The white paper describes criteria the agency proposes to use to determine when medical products that rely on artificial intelligence will require FDA review before being commercialized.

The review may examine the underlying performance of a product’s algorithms, a manufacturer’s plan to make modifications, and the manufacturer’s ability to manage the risks associated with any modifications.

“A new approach to these technologies would address the need for the algorithms to learn and adapt when used in the real world,” Gottlieb wrote in a statement accompanying the white paper. “It would be a more tailored fit than our existing regulatory paradigm for software as a medical device.”

The paper is the first step in a monthslong process in which the FDA will collect input from the public and a variety of stakeholders in medicine before finalizing a policy on regulating adaptive AI systems.

Eric Topol, an expert in artificial intelligence at the Scripps Research Institute, said the white paper “demonstrates careful forethought about the field” of artificial intelligence in medicine. He noted that the “document calls for proof in a clinical, real world environment,” which ideally should be prospective, with “no AI algorithm approved only on the basis of retrospective [computerized] dataset analysis.”

He added that the eventual regulatory framework should support the ability of adaptive AI systems to learn and improve over time. “It is important to come up with a means of not shortchanging the auto-didactic power of deep learning nets that will continue to improve, not ‘freeze’ at the time of approval,” Topol wrote in an email to STAT.

The FDA has already approved medical devices that rely on so-called “locked algorithms,” or those that do not change each time an algorithm is used, but instead are changed by a manufacturer at intervals, using specific training data and a validation process to ensure proper functioning of the system. Among the devices approved last year were a device used to detect diabetic retinopathy, a degenerative eye disease, and another designed to alert providers of a potential stroke in patients.

The proper performance of those locked algorithms, and others like them, is crucial to ensuring that doctors base life-and-death treatment decisions on accurate information. That task is harder for products that learn and evolve on their own, in ways that are difficult even for the manufacturers of such systems to understand. An example of such a system, cited by Gottlieb, is one that uses algorithms to identify breast cancer lesions on mammograms and learns to improve its confidence, or identify subgroups of cancer, based on its exposure to additional real world data. Such systems are already in development in oncology and other areas of care.

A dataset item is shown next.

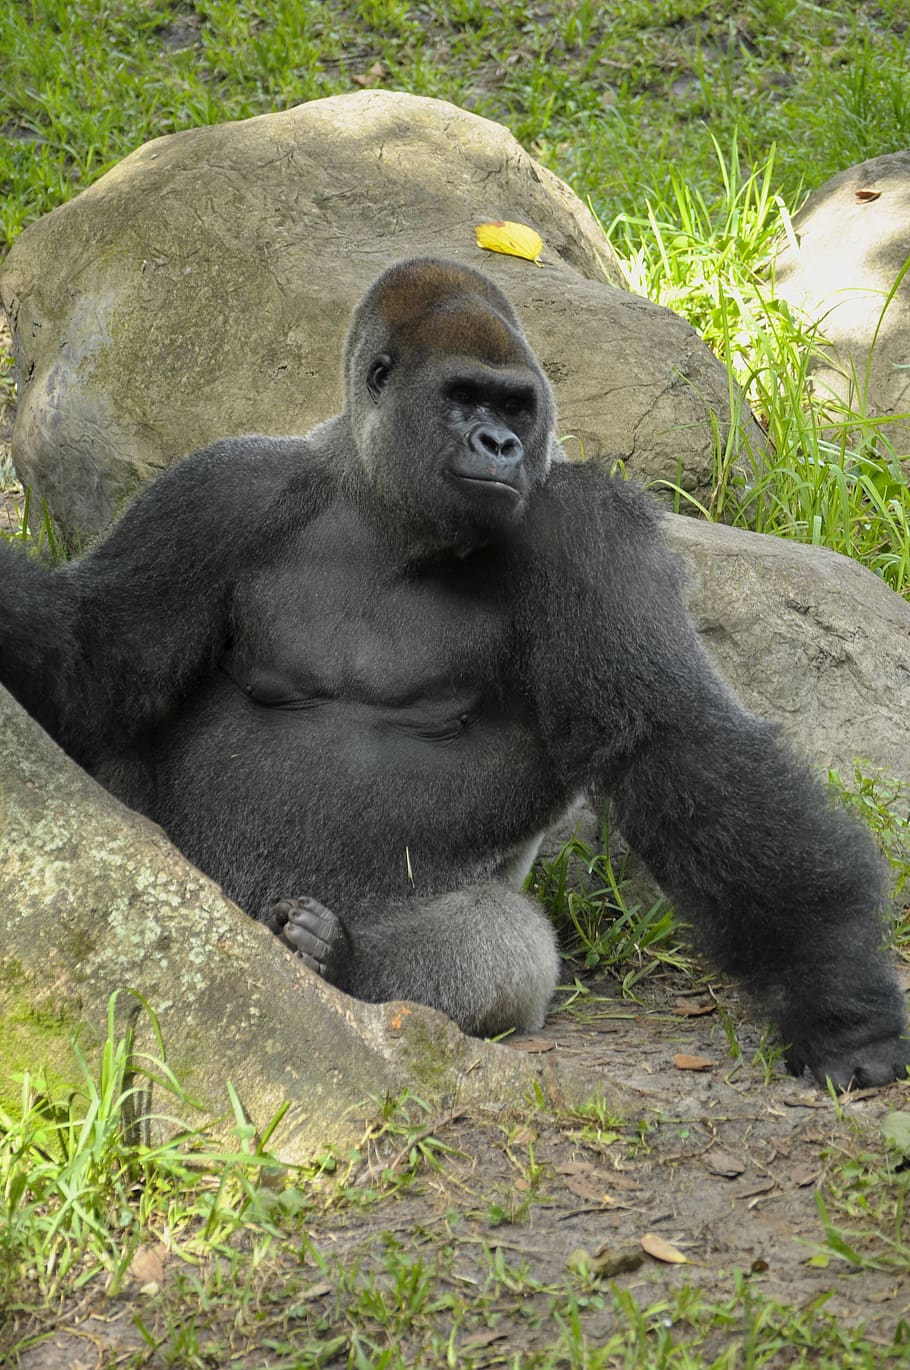 Gorilla trekking safety tips

Gottlieb noted that this type of technology also offers huge potential for improving medical care, and he said the agency is seeking to strike a regulatory balance that will allow promising products to get onto the market as soon as possible.

“Artificial intelligence has helped transform industries like finance and manufacturing, and I’m confident that these technologies will have a profound and positive impact on health care,” he wrote in his statement. “I can envision a world where, one day, artificial intelligence can help detect and treat challenging health problems, for example by recognizing the signs of disease well in advance of what we can do today.”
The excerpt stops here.